高く堅牢な外壁に囲まれたこの都市は、荒野から溢れ出る魔物の群れを監視し、必要とあらば撃退するために築かれた防衛拠点である。
だが、その存在意義はそれだけではない。
重厚な城門がゆっくりと開かれ、キャラバンの馬車が次々と入城してくる。
彼らは、命懸けで魔物の巣窟・ガルバド荒野を横断してきた勇者たちだ。
人も馬も疲弊しきっており、今はただ、安息を求めている。
メンタタトルは、そうした者たちを受け入れるための街でもある。
街の中心を貫く広い街道沿いには、大小様々な宿屋や飲食店が軒を連ねている。
少し路地に入れば、武器屋や魔法店、道具屋が立ち並び、冒険者の需要を満たしていた。
この街は――休憩施設であり、情報交換の場であり、地域防衛の最前線でもある。
すなわち、ここは“商人と冒険者の街”なのだ。
キャラバンの疲れ切った面々をよそに、街の商人たちは精力的に声を張り上げ、活気に満ちていた。

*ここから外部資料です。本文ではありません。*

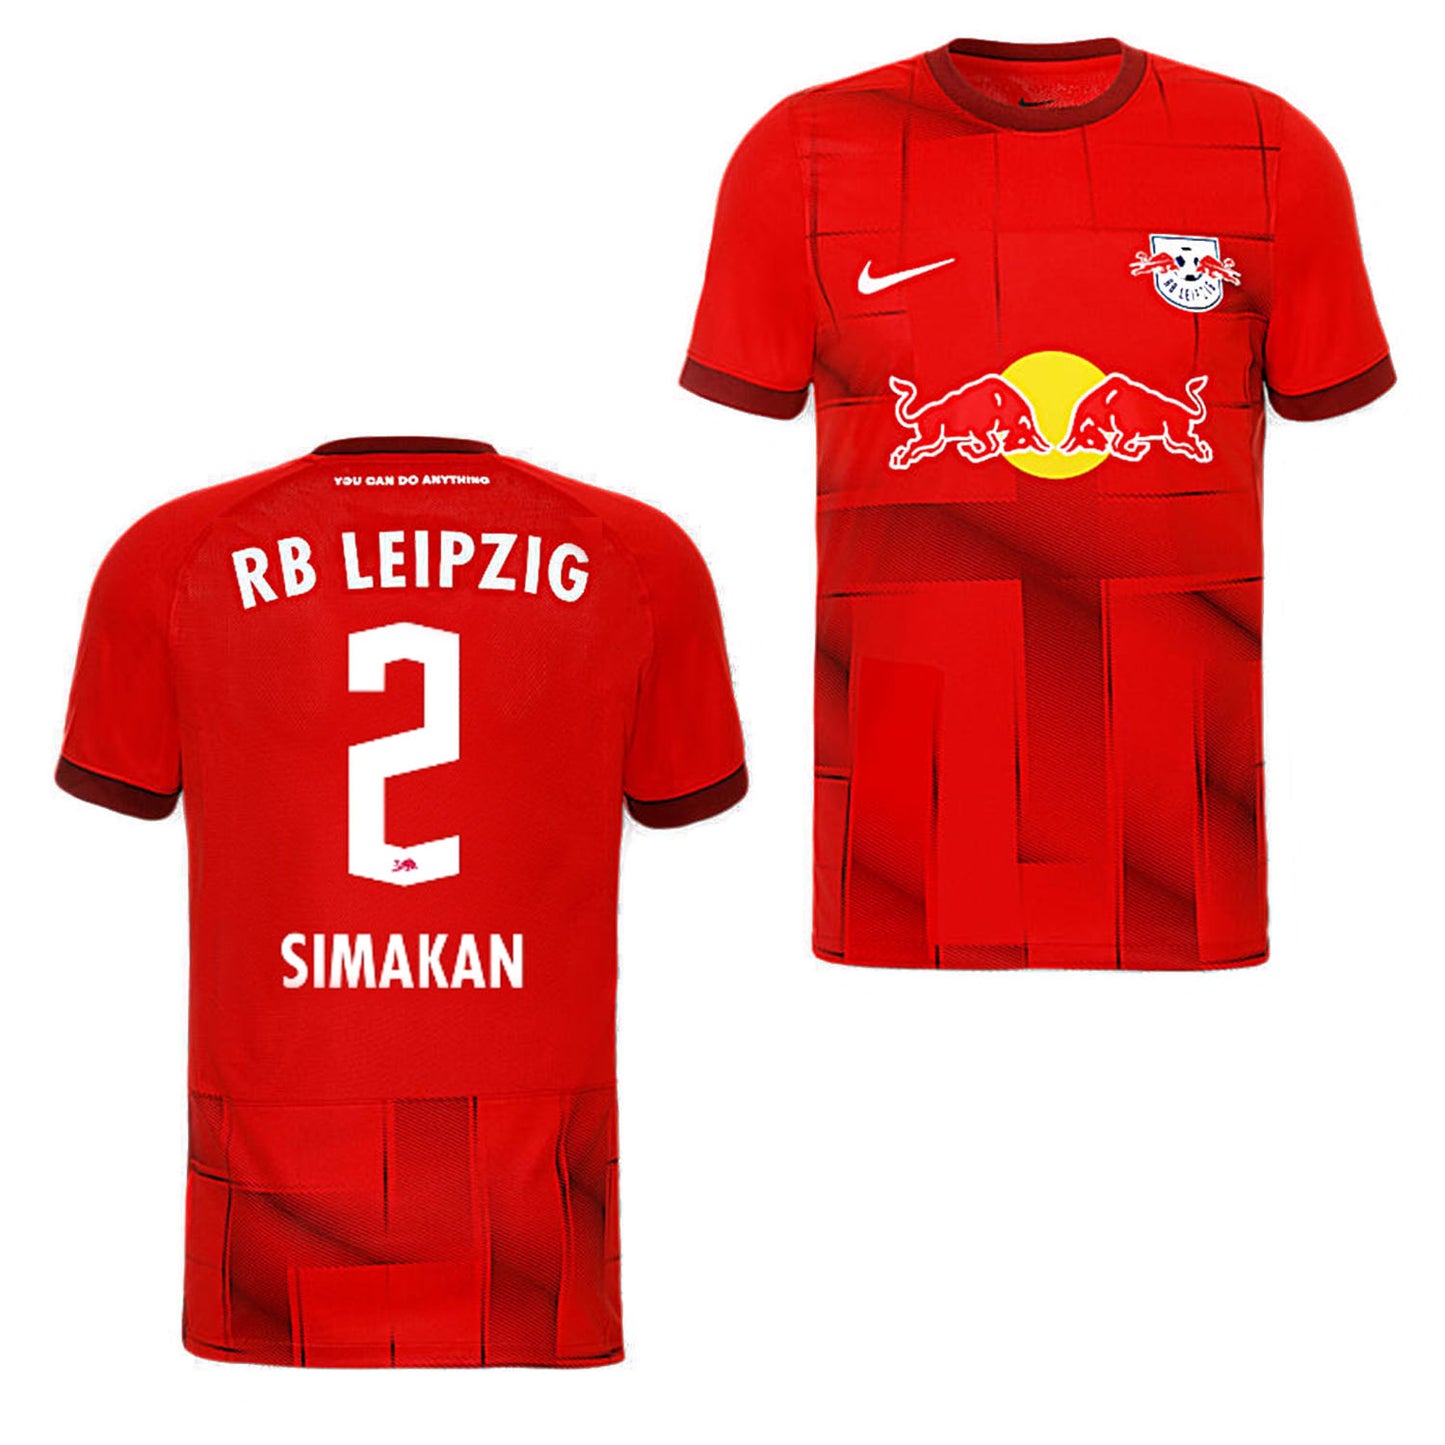 Mohamed Simakan RB Leipzig 2 Jersey

だが、そんな喧騒を背に、冒険者パーティーたちは慣れた足取りで路地裏へと消えていく。
商人と冒険者。
貴族と平民。
時に手を取り合い、共に生きる間柄である。
だが、住む世界は――違う。
*
途中から護衛の仮メンバーとして参加した《ブラストクエスターズ》とともに、キャラバンは城郭都市メンタタトルへと無事到着した。
寝る暇もなく一週間戦い続けた旅も、魔物あふれる荒野という最大の山場を越え、あとは平穏な道のりが残るのみ。

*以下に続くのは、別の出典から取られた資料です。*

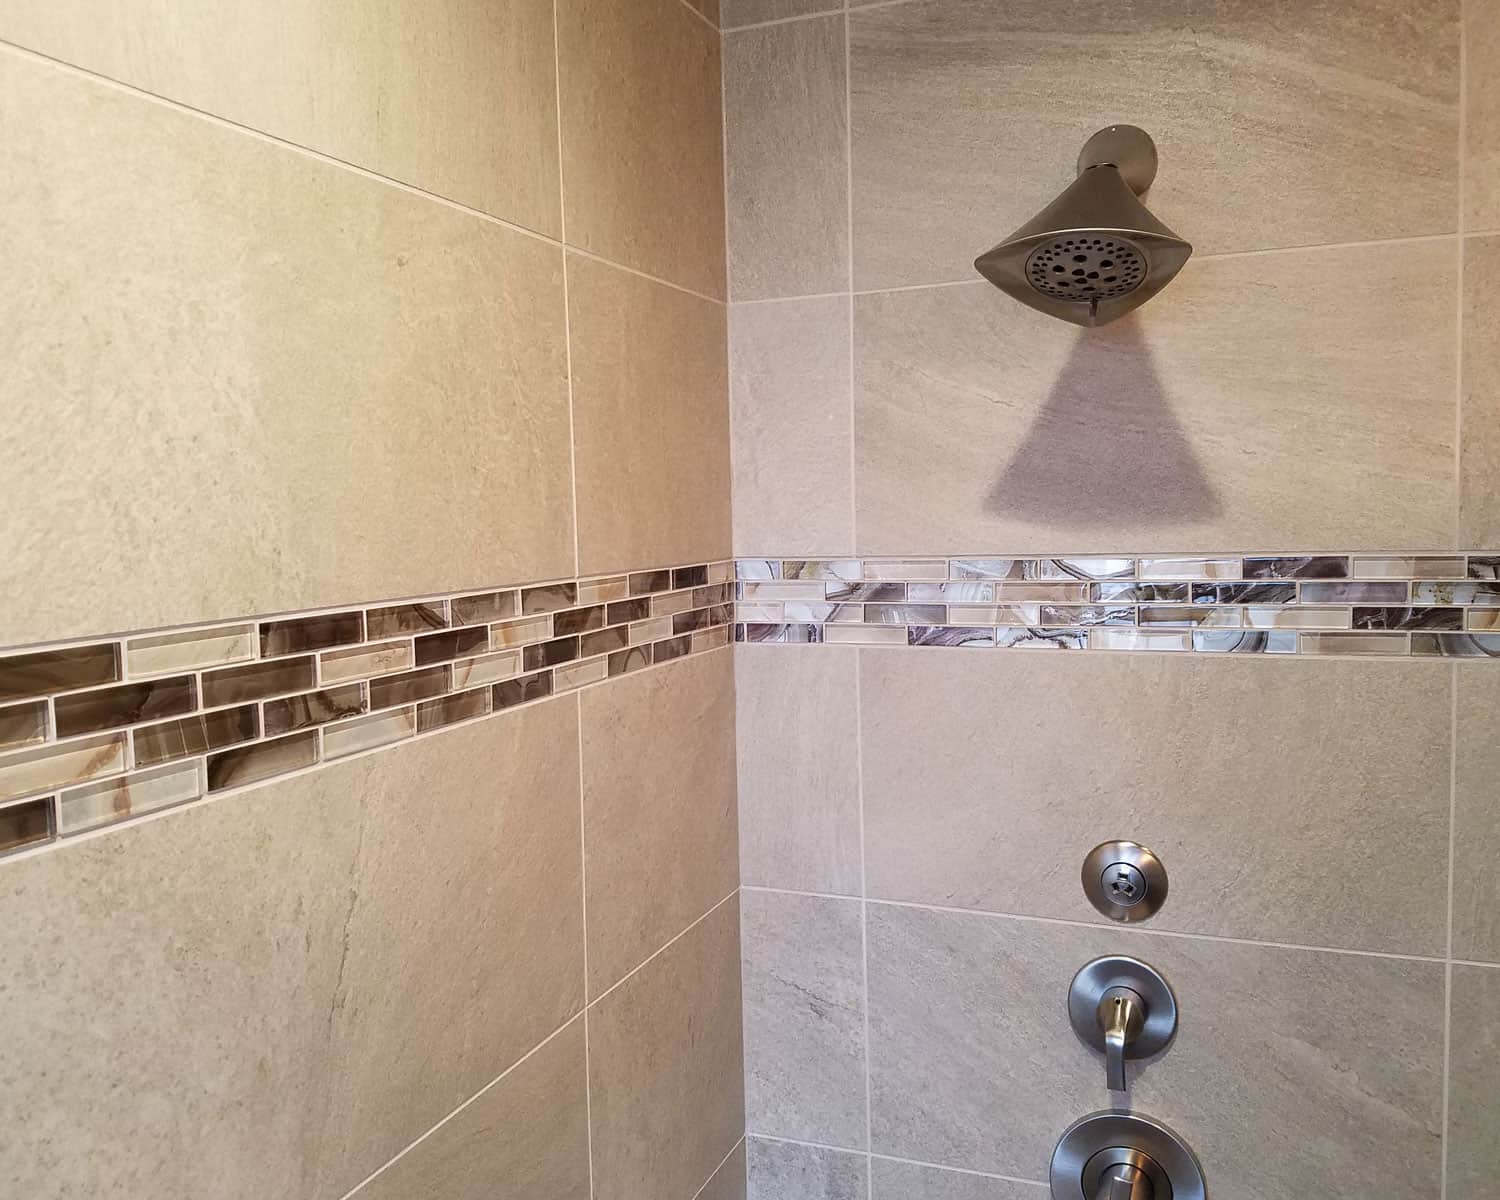 Lemel Homes Remodeling - Bathroom - shower detail with tile work

この街で護衛を終えるパーティーもあれば、別の目的地へ向かう馬車もある。
キャラバンとしては、ここが実質的な終着地点のようなものだった。
僕たちは、メインストリートから外れた路地裏の宿《古猫亭》の中庭で、装備についた旅の埃を落としながら、ドットの話に耳を傾けていた。

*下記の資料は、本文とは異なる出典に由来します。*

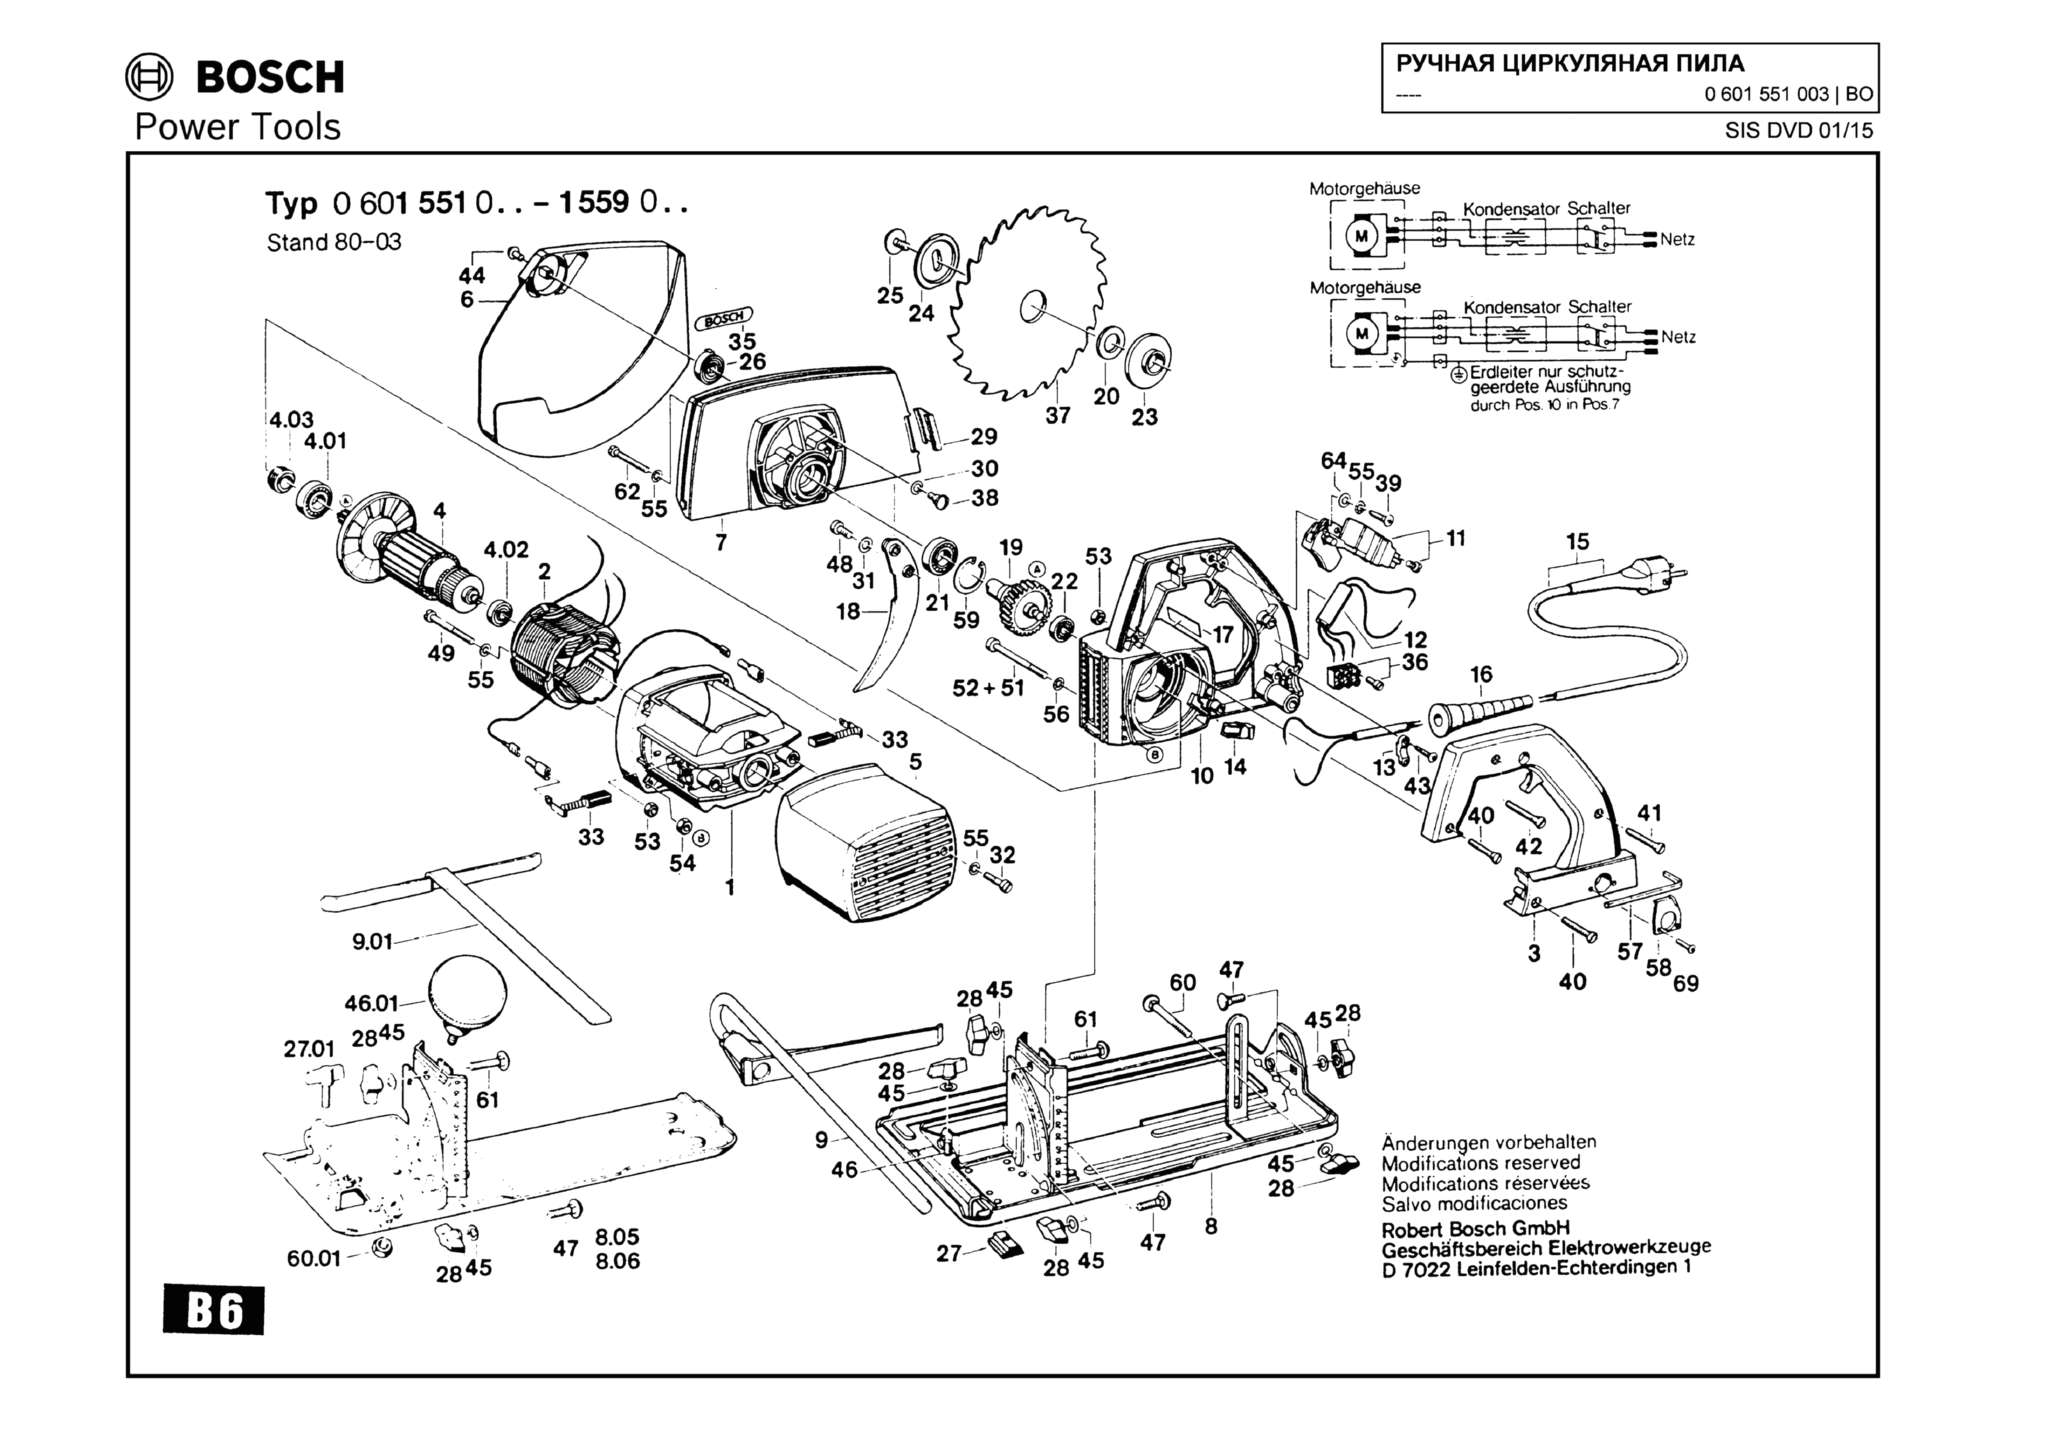 Запчасти, схема и деталировка Bosch (ТИП 0601551003)

「キャラバンの出発は明後日の早朝だ。それまで各自、自由行動とする」
「了解っすー」
「わかった……」
それぞれが思い思いに応じると、ドットは満足げに付け加えた。
「当日は遅刻するなよ」
「いや、お前がな!」
すかさずテックロアがツッコミを入れる。
このやり取りはもう恒例行事のようで、誰もが笑っていた。
そのテックロアが、ドットに何かを放り投げる。
「おれっちは情報屋巡りしてくるわ。宿の手続きは頼んだぜ」
そう言い残して、軽やかに路地裏へと消えていった。
他のメンバーも何かをドットに手渡している。……なんだろう?
「キース、お前もギルドカード貸してくれ」
「ギルドカード?」
聞き慣れない言葉に、首を傾げる。
はて、ゲームの中ではそんなアイテム、見たことがない。
「あれ? お前、冒険者ギルドに登録してないのか!?」
ドットが驚いた顔で僕を見る。
「ギルド、入らないと……お金、もらえない」
ラシュティアがぽつりと補足する。
「そうじゃ。魔物討伐も、ダンジョン攻略も、報酬は領主からギルドに支払われる。登録しとらんと損じゃぞ」
ボブマーリンも当然のように言う。
どうやら、この世界の冒険者稼業には、ギルド登録が必須だったらしい。
「採取系の仕事も斡旋されねぇしな。……お前、その加護の高さになるまで未登録で活動してたのか? ……いや、悪い。詮索は無しだな」
あー……そうだよね。
姓を持たない平民が、収入源もなしに加護を上げるなんて、普通じゃない。
そりゃ気づかれるよな。
ドットとボブマーリンは、何かに気づいたような目をする。
ラシュティアはきょとんとした顔をしている。……可愛い。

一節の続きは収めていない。